Definition of data mining

Data mining a process for discover knowledge, that not you would be never waited of exist in your database . Using the traditional query tool can retrieve only the information known from the data. However, Data Mining offers you the way to recover hidden information from data . Data mining extracts significant information from the database that can be used for decision process .

The discovery of knowledge in databases, called KDD, exhibition relations is schemes . The relationship can be between two or more different objects, between attributes of the same object. Another data mining pattern that shows the smooth and intelligible sequence of information that helps in decision making.

The steps involved in KDD, or Knowledge Discovery in Database, can be summarized as before selection the data set to be mined. Next there pre-processing which involves the removal of inconsistent data. Then it comes transforming data into which the data is transformed into the appropriate form for data mining. The next the data mining, here the data mining algorithms are applied to the data. And finally, interpretation and evaluation which involve the extraction of the relationship or model between the data.

Data mining fits well with the data warehouse environment that stored data in an aggregate and summarized way. How easy it is to extract data in the data warehouse

Definition of Data Warehousing

Data Warehouse a central location where information collected from multiple sources are stored in a single unified scheme . The data is initially collected, various business sources are then cleaned, transformed and stored in a data warehouse. Once the data has been placed in a data warehouse, it remains there for a long period of time and can be consulted in case of need.

Data Warehouse a perfect blend of technologies like data modeling, data acquisition, data management, metadata management, archive management of development tools . All these technologies support functions like data extraction, data transformation, data storage, providing user interfaces for data access .

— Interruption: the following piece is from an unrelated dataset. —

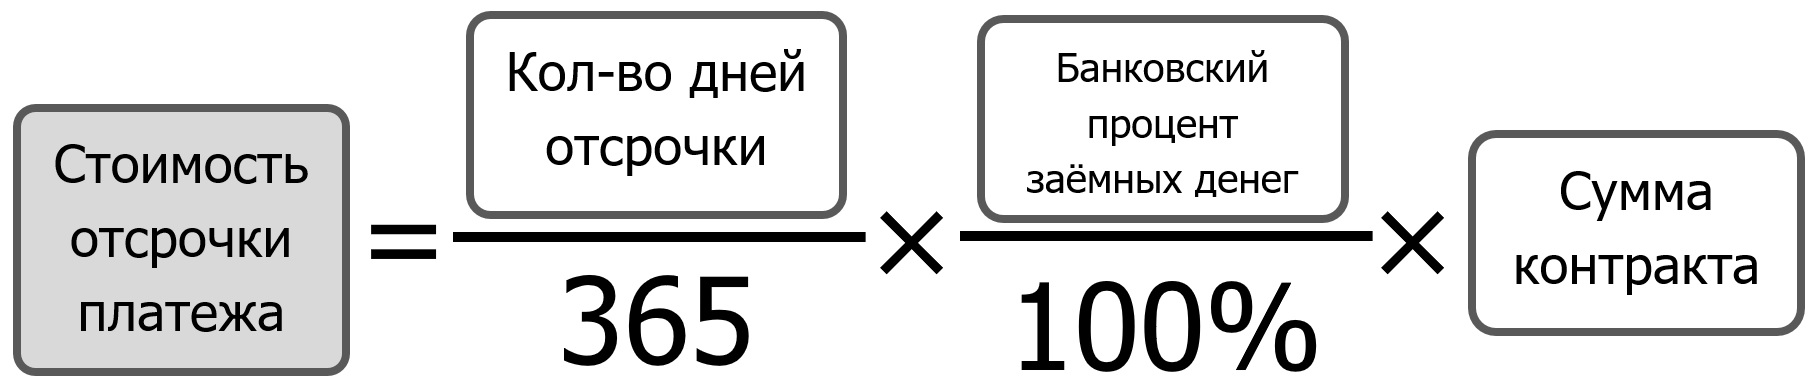 04-stoimost-otsrochki-platezha

The data warehouse is not a product or software, an information environment, which provides information such as an integrated vision of an enterprise. You can access the current and historical company data that help in the decision-making process. Supports transactions made for decision making without affecting operating systems. a flexible resource for obtaining strategic information.

Key differences between data mining and data warehouse

  1. There is a fundamental difference between data mining and data warehousing that data mining is a process of extracting significant data from the large database or data warehouse. However, the data warehouse provides an environment where data is stored in an integrated form that facilitates data mining to extract data more efficiently.

Conclusion:

Data mining can only be performed when a well-integrated large database exists, such as the data warehouse. Then the data warehouse must be completed before data mining. The data warehouse must have information in a well-integrated form so that data mining can efficiently extract knowledge.